> EXERCISE OBJECTIVE: In your answer, print every record exactly as it is written.

----

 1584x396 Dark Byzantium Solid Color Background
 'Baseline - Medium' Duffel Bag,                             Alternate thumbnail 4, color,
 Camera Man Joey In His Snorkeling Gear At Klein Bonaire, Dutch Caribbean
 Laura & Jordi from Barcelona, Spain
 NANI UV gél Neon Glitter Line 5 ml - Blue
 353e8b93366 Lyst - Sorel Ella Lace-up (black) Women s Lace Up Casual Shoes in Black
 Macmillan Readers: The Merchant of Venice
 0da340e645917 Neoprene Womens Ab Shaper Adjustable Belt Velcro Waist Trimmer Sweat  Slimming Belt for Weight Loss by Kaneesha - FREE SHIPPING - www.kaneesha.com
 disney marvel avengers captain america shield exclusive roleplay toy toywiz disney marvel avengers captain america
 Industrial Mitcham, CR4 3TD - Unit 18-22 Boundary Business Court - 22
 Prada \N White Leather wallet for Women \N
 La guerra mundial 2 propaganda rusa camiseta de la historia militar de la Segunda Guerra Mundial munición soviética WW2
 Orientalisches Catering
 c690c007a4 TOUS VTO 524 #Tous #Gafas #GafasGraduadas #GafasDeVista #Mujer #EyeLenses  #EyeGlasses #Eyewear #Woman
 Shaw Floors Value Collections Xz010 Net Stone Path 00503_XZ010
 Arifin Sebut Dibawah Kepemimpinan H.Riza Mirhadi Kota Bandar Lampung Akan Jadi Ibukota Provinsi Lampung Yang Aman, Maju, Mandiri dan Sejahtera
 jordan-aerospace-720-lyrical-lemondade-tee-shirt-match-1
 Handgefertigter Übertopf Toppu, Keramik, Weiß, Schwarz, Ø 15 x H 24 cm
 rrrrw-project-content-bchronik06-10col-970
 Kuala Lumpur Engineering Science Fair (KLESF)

----

> FINISHED TASK:
 1584x396 Dark Byzantium Solid Color Background
 'Baseline - Medium' Duffel Bag,                             Alternate thumbnail 4, color,
 Camera Man Joey In His Snorkeling Gear At Klein Bonaire, Dutch Caribbean
 Laura & Jordi from Barcelona, Spain
 NANI UV gél Neon Glitter Line 5 ml - Blue
 353e8b93366 Lyst - Sorel Ella Lace-up (black) Women s Lace Up Casual Shoes in Black
 Macmillan Readers: The Merchant of Venice
 0da340e645917 Neoprene Womens Ab Shaper Adjustable Belt Velcro Waist Trimmer Sweat  Slimming Belt for Weight Loss by Kaneesha - FREE SHIPPING - www.kaneesha.com
 disney marvel avengers captain america shield exclusive roleplay toy toywiz disney marvel avengers captain america
 Industrial Mitcham, CR4 3TD - Unit 18-22 Boundary Business Court - 22
 Prada \N White Leather wallet for Women \N
 La guerra mundial 2 propaganda rusa camiseta de la historia militar de la Segunda Guerra Mundial munición soviética WW2
 Orientalisches Catering
 c690c007a4 TOUS VTO 524 #Tous #Gafas #GafasGraduadas #GafasDeVista #Mujer #EyeLenses  #EyeGlasses #Eyewear #Woman
 Shaw Floors Value Collections Xz010 Net Stone Path 00503_XZ010
 Arifin Sebut Dibawah Kepemimpinan H.Riza Mirhadi Kota Bandar Lampung Akan Jadi Ibukota Provinsi Lampung Yang Aman, Maju, Mandiri dan Sejahtera
 jordan-aerospace-720-lyrical-lemondade-tee-shirt-match-1
 Handgefertigter Übertopf Toppu, Keramik, Weiß, Schwarz, Ø 15 x H 24 cm
 rrrrw-project-content-bchronik06-10col-970
 Kuala Lumpur Engineering Science Fair (KLESF)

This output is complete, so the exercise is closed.